While Descemet’s membrane endothelial keratoplasty (DMEK) is a technically more difficult procedure, it provides better visual results with fewer problems than Descemet’s stripping endothelial keratoplasty (DSEK), so it is worth the extra effort, reports Yuri McKee MD. “The finding that DMEK reduces the rejection risk is the real game-changer in its favour, and now we are finding the lower rejection risk probably allows for a decrease in the steroid burden after DMEK with the potential for decreasing steroid-related complications,” he said.
Dr McKee is in private practice at the Price Vision Group, Indianapolis, IN, where more than 1,100 DMEK cases have been performed since March 2008. Speaking at the 4th EuCornea Congress in Amsterdam, he reported findings from outcomes analyses in a series of eyes that had DMEK, DSEK and penetrating keratoplasty (PK). Data on vision outcomes came from follow-up to one year in a group of patients who underwent DMEK and DSEK in fellow eyes. Mean logMAR BSCVA was better in the DMEK eyes than after DSEK, 0.07 vs. 0.20. Moreover, 85 per cent of patients stated they preferred the vision in their DMEK eye due to better quality.
Data on risk of transplant rejection were reported in a published study that included 141 DMEK eyes, 598 DSEK eyes and 30 PK eyes [Ophthalmology. 2012;119(3):536-40]. Based on Kaplan-Meier survival analysis and defining rejection as any amount of corneal oedema after initial clearing with any amount of inflammation, the two-year cumulative probability of rejection was less than one per cent for DMEK, 12 per cent for DSEK and 18 per cent for PK.
“The DMEK eyes had a 15-fold lower risk of rejection than the DSEK eyes and a 20-fold lower risk than the PK group. Those differences were highly statistically significant and importantly, they were found in cohorts of patients that were operated on at a single centre, had similar indications for surgery, represented a similar racial mix and received the same steroid dosing regimen,” Dr McKee said. He added that there have been only nine rejection episodes among the more than 1,100 DMEK procedures performed in the past 5.5 years. Those events occurred between two weeks and four years after surgery, and in only one case was rejection associated with graft failure.

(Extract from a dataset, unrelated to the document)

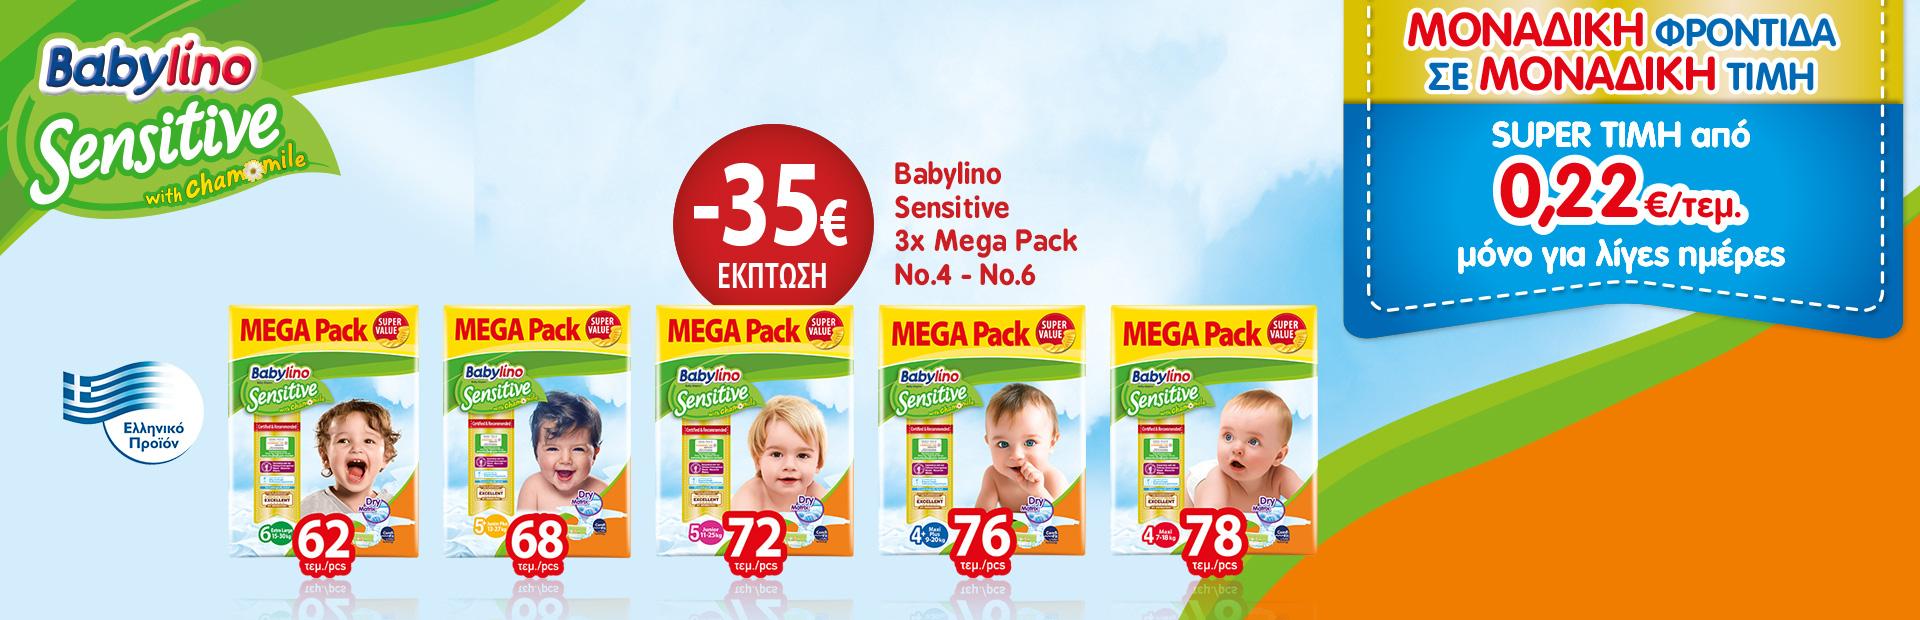 BABYLINO mega pack

Data on primary graft failures highlighted the learning curve with DMEK, showing that the cornea failed to clear in six of the first 80 cases and in four of the second 80. In contrast, there were five primary failures in the first 80 DSEK eyes, but only one in the next 80 cases. “The graft is more difficult to prepare, manipulate and attach when performing DMEK compared with DSEK. However, in more recent studies of DMEK, the graft preparation failure rate is only one per cent, and now there are eye banks preparing the DMEK graft,” Dr McKee said.
Other data Dr McKee presented showed similar outcomes for DMEK and DSEK. Both had better long-term endothelial cell survival than PK. Based on follow-up of 3-5 years, DMEK and DSEK are associated with excellent mid- to long-term graft survival. DMEK graft survival rates were analysed using data from cases performed at the Price Vision Group between March 2008 and September 2010. Focusing on the 143 eyes with Fuchs' dystrophy, Dr McKee reported there were only three late failures, including an endothelial failure without rejection, an endothelial failure after rejection and a regraft for poor vision. In a DSEK cohort of 147 eyes with Fuchs' dystrophy, six late failures occurred during follow-up to five years, of which four were regrafts for poor vision.
Two randomised studies have been undertaken to investigate whether the intensity of steroid treatment could be reduced after DMEK. In both studies, patients received prednisolone acetate four times daily for the first month and then are randomised to continue prednisolone acetate or to receive fluorometholone 0.1 per cent in one study or to loteprednol etabonate 0.5 per cent in the other trial. The same tapering regimen is used over the next 11 months in all steroid groups.
Dr McKee reported that preliminary findings from the study comparing prednisolone acetate and fluorometholone, which enrolled 325 eyes, show no difference in rejection rates between the two groups. However, prednisolone acetate was associated with a significantly higher rate of IOP elevation than fluorometholone. “The risk of cataract from steroid treatment is less of a concern among DMEK patients because most are pseudophakic.
However, we know that steroid use is a balancing act between avoiding rejection risk and IOP elevation,” Dr McKee said.